- Instructions to follow -
As soon as the line containing "Costume lusso monster girl viola" appears in the material below, start returning lines exactly, and end with the line containing "-New Zealand-wedding (12).jpg".

- Data supplied -

※ ※ ※

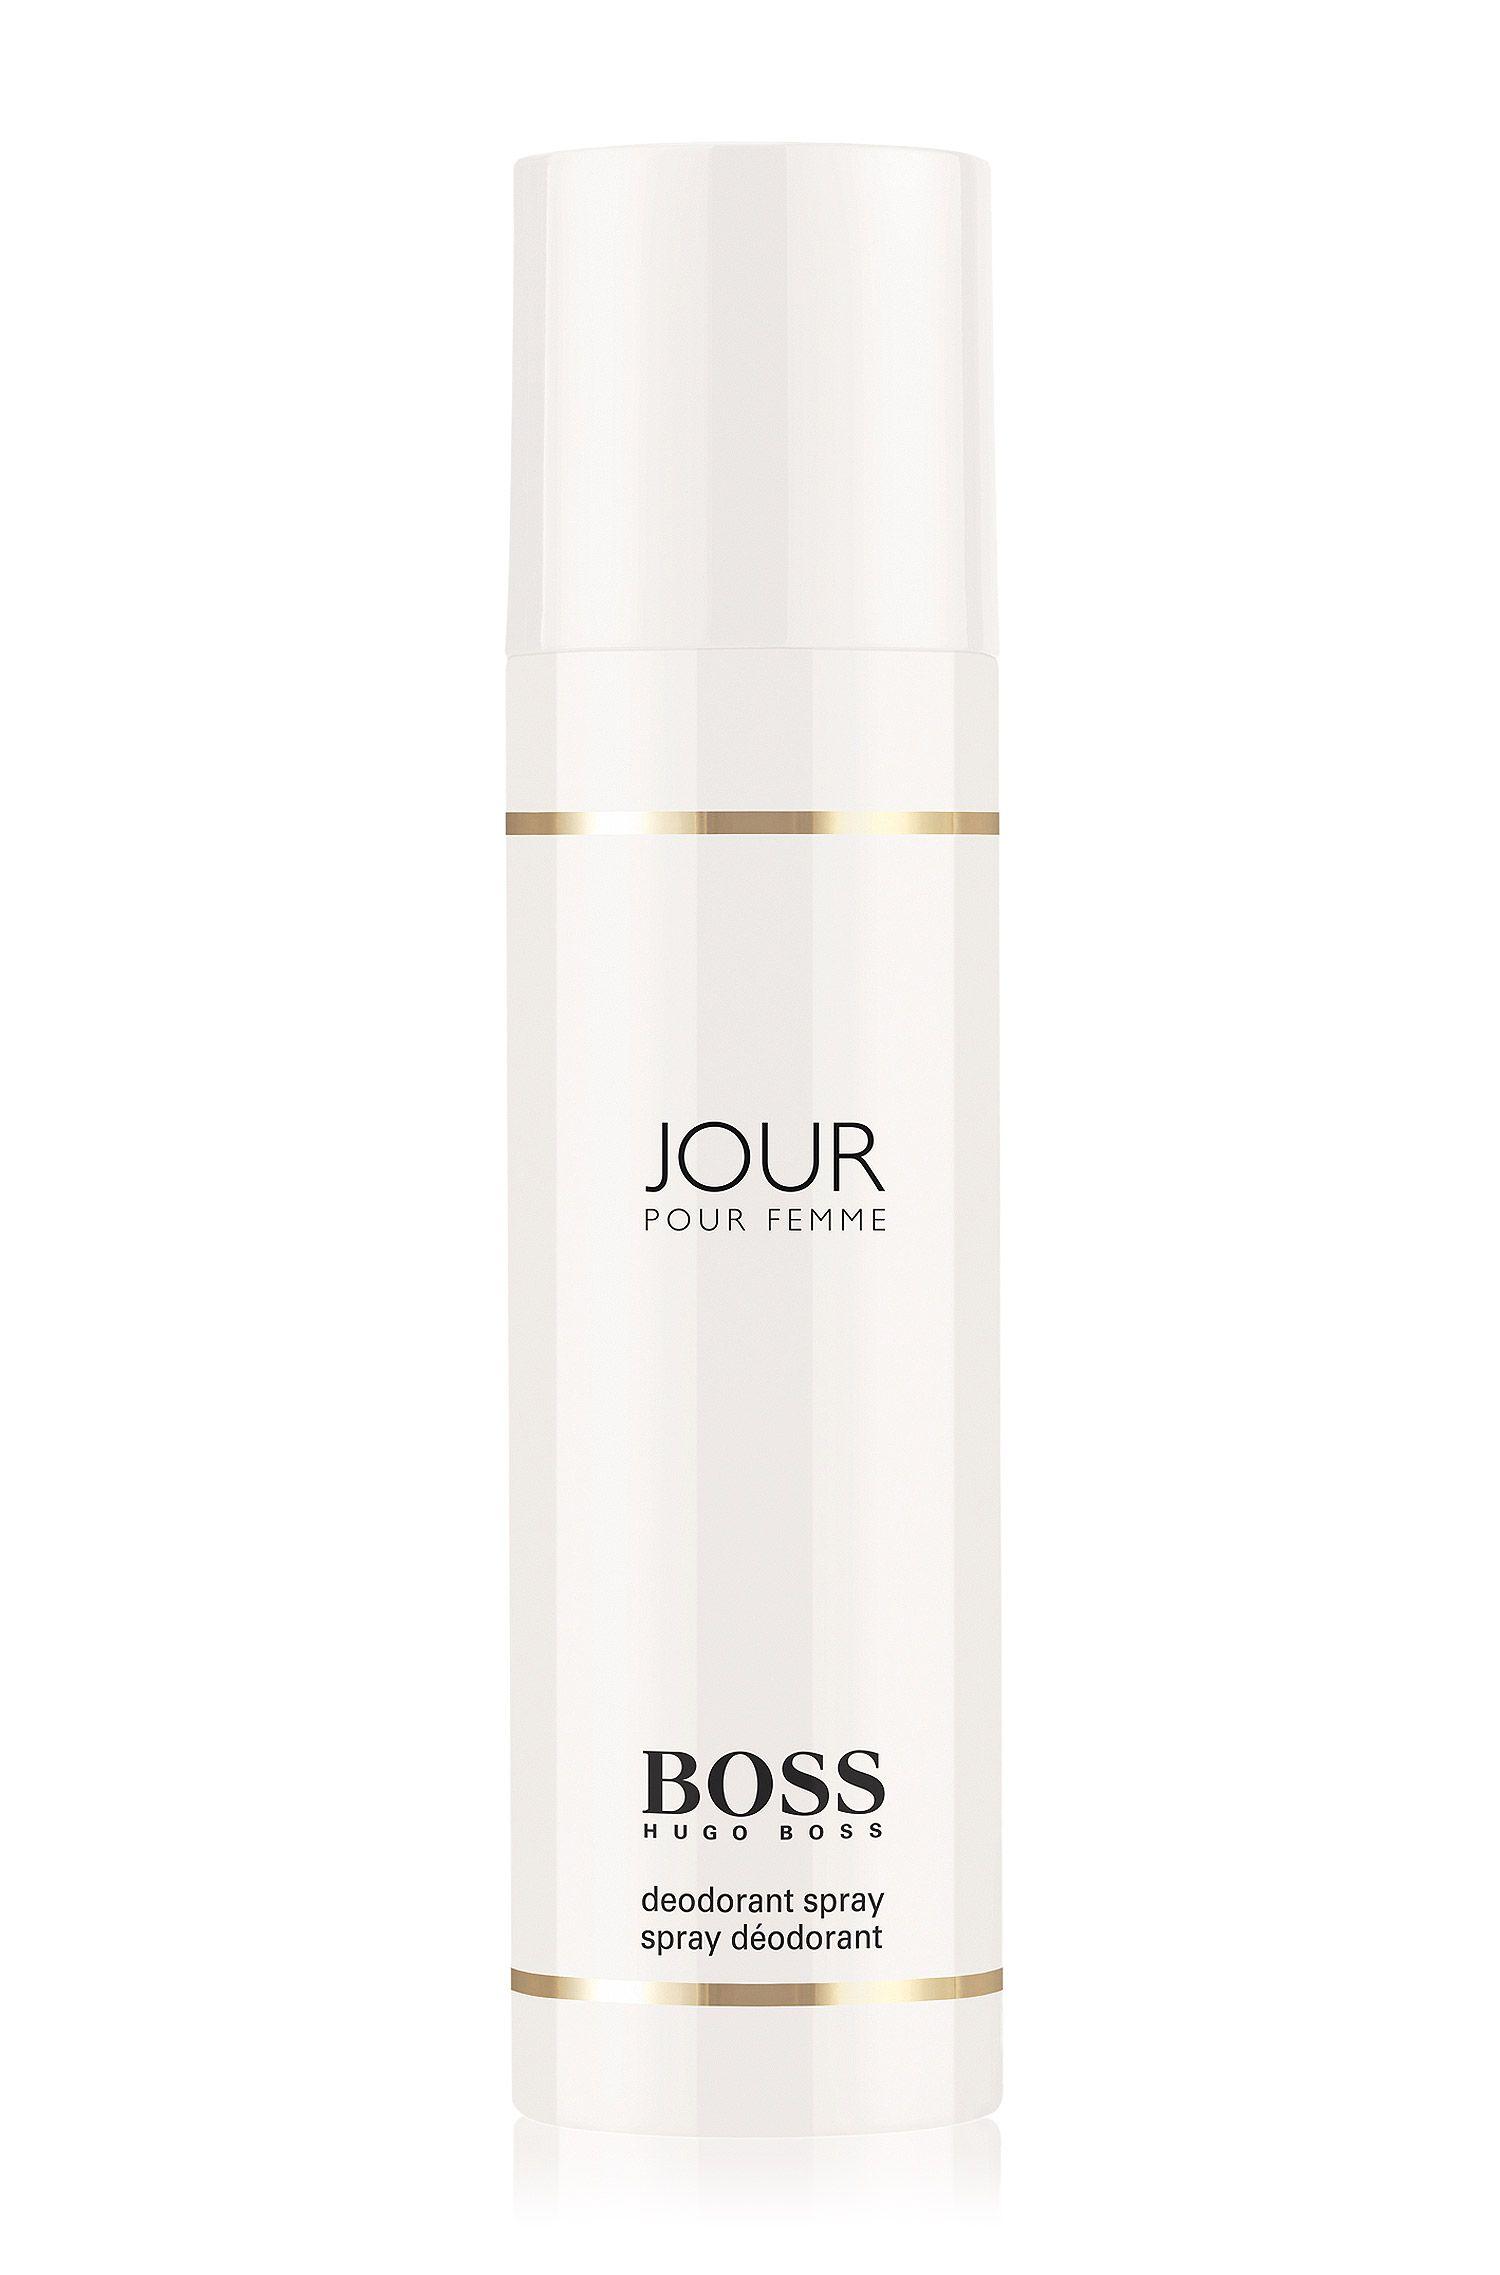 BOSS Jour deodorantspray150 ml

※ ※ ※

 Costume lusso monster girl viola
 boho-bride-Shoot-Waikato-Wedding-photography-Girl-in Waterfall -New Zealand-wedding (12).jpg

※ ※ ※

- Finished task -
 Costume lusso monster girl viola
 boho-bride-Shoot-Waikato-Wedding-photography-Girl-in Waterfall -New Zealand-wedding (12).jpg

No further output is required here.